Caleb said, “Maybe. I don't remember.” He smiled at me. “I never met a good one, Leo. But that's not saying that
you
won't. Don't look so frightened.”

We were in front of our door. Caleb raised his hand to knock. I held his hand.

“Caleb,” I whispered, “what about Mama?”

“What do you mean, what about Mama?”

“Well, Mama”—I stared at him; he watched me very gravely. “Mama—Mama's almost white—”

“Almost don't get it,” Caleb said.

I stared at him.

“Our mama is
almost
white,” Caleb said, “but that don't make her white. You got to be
all
white to be white.” He laughed; inside, we heard our father cough. “Poor Leo. Don't feel bad. I know you don't understand it now. I'll try to explain it to you, little by little.” He paused. “But our mama is a colored woman. You can tell she's a colored woman because she's married to a colored
man,
and she's got two colored
children.
Now, you know ain't no white lady going to do a thing like that.” He watched me, smiling. “You understand that?” I nodded. “Well, you going to keep me here all night with your questions or can we go on in the house now?”

I told him to knock, and he did, and our mother opened the door.

“About time,” she said dryly—she was chewing on a porkchop bone, and had her hair piled in a knot on the top of her head. I liked her hair that way. “You must have sat through that movie four or five times. You're going to ruin your eyes and that'll just be too bad for you because you know we ain't got no money to be buying you no glasses. Leo, you go on inside and get ready to take your bath.”

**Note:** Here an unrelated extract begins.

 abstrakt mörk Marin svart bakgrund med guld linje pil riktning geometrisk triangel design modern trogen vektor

“Let him come over here a minute,” said our father. He was sitting in the one easy chair, near the window. He was drunk, but not as drunk as I had seen him, and this was a good mood drunk. In this mood, he would not talk about his job, or the white workers on the job, or his foreman, or about white people, or about African kings. In this mood, he talked about the islands, his mother and father and kinfolk and friends, the feast days, the singing, the dancing, and the sea.

I approached him, and he pulled me to him, smiling, and held me between his thighs. “How's my big man?” he asked, smiling, and rubbing his hand gently, and with wonder, over my hair. “Did you have a good time tonight?”

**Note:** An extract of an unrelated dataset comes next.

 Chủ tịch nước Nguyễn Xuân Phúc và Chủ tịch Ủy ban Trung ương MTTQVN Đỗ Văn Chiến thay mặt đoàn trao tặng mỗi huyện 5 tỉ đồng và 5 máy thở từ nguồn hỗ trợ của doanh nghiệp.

Caleb sat on a straight chair near him, leaning forward. “Let Leo tell you why we so late. Tell them what happened, Leo.”

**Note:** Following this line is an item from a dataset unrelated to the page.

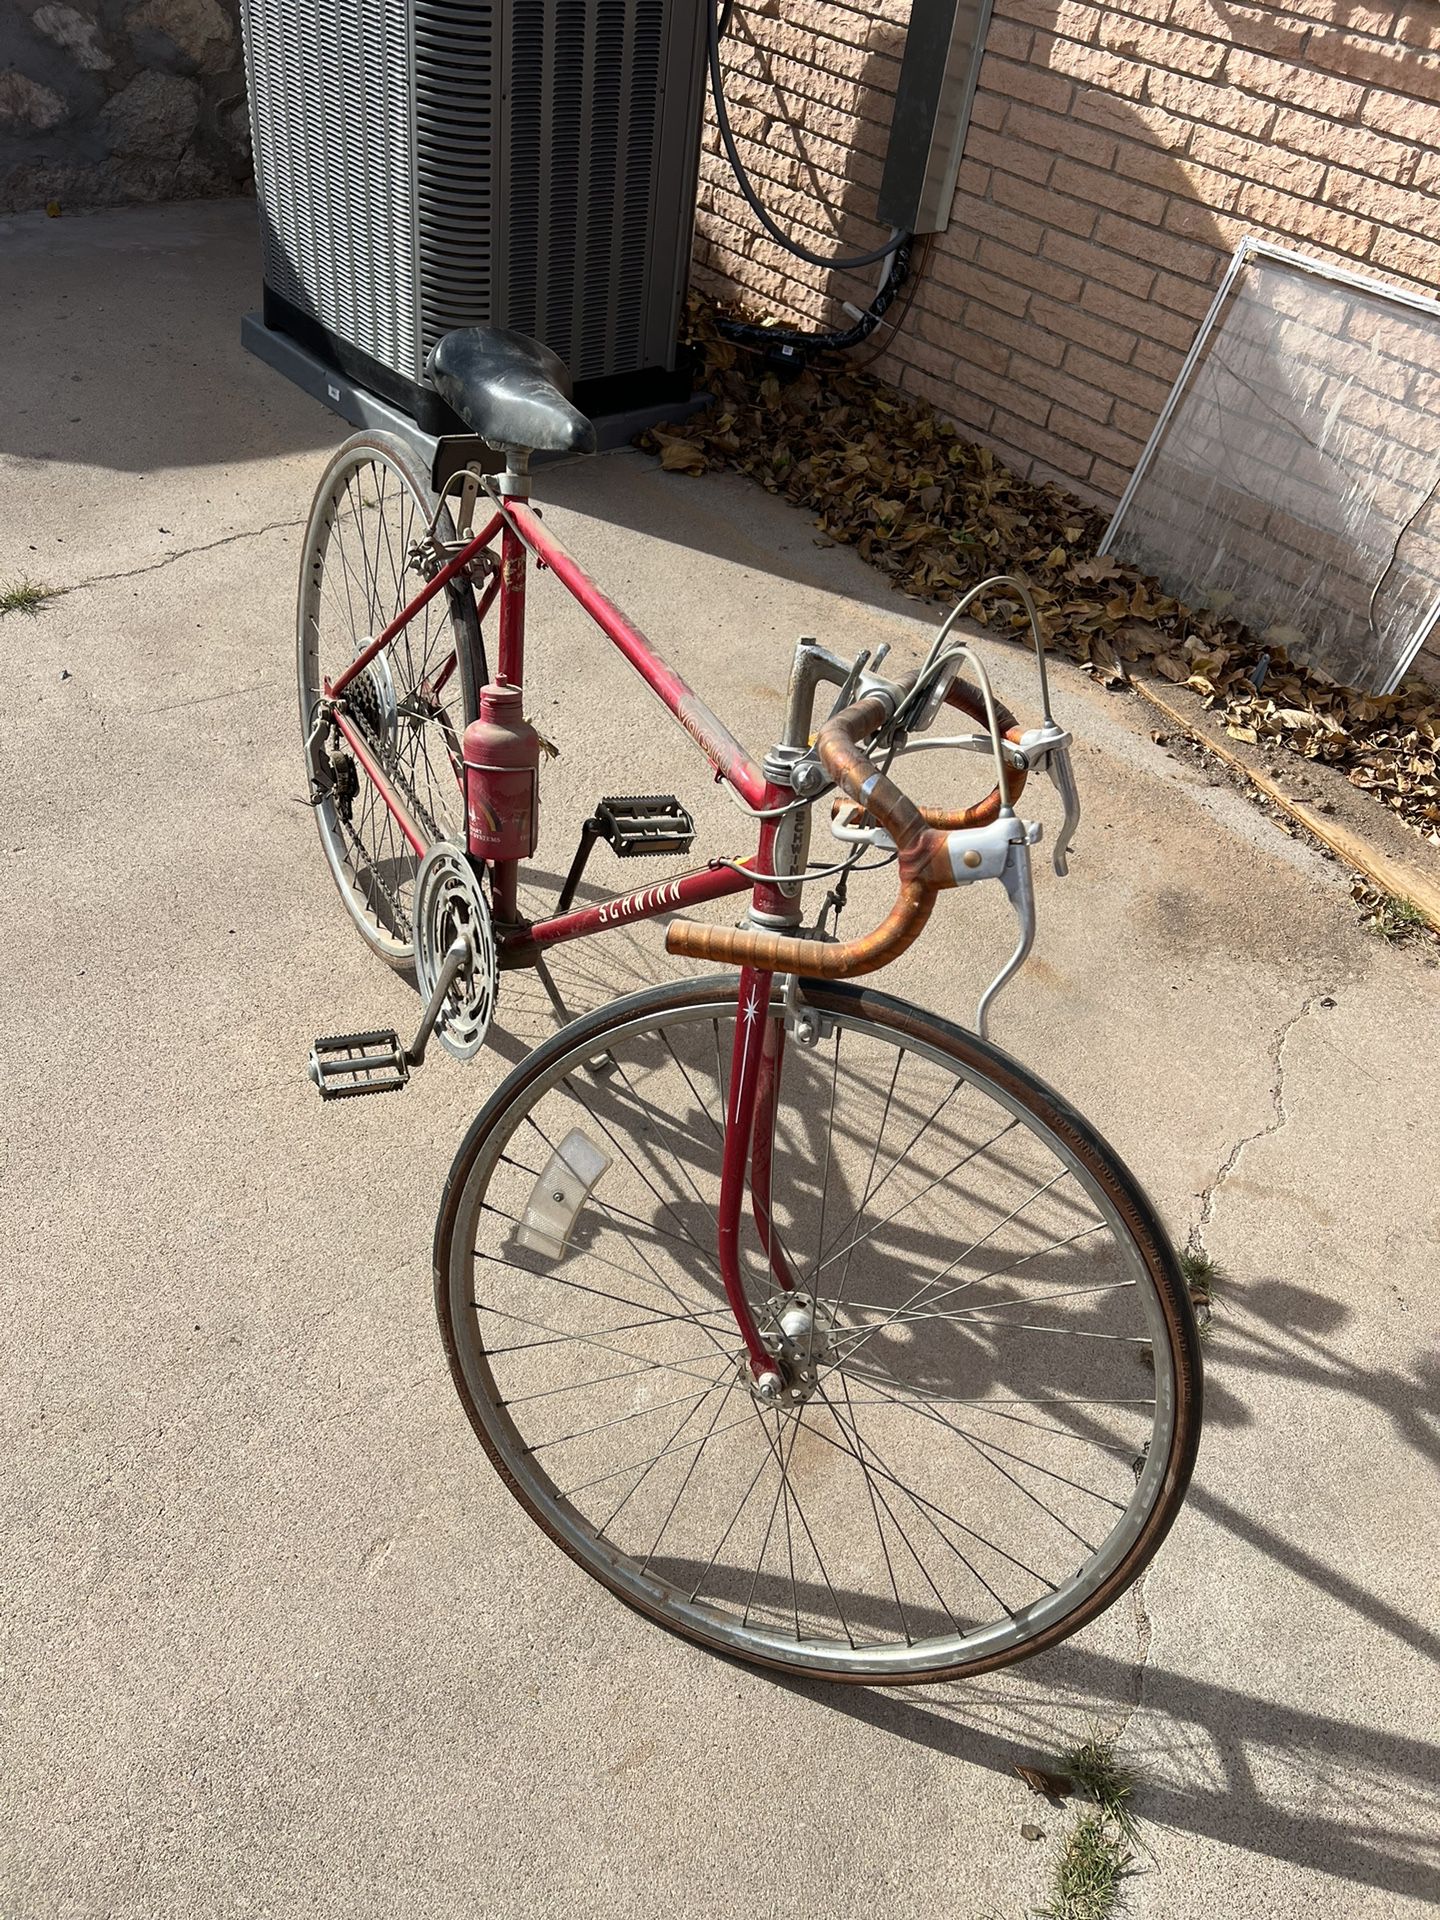 Vintage Schwinn Bikes

“We were coming down the block,” I began—and I watched my father's face. Suddenly, I did not want to tell him. Something in Caleb's tone had alerted him, and he watched me with a stern and frightened apprehension. My mother came and stood beside him, one hand on his
shoulder. I looked at Caleb. “Maybe you could tell it better,” I said.

“Go on, start. I'll fill in.”

“We were coming down the block,” I said—and I told him which block—“coming from the movies”—I looked at Caleb.

“It's not the way we usually come,” said Caleb.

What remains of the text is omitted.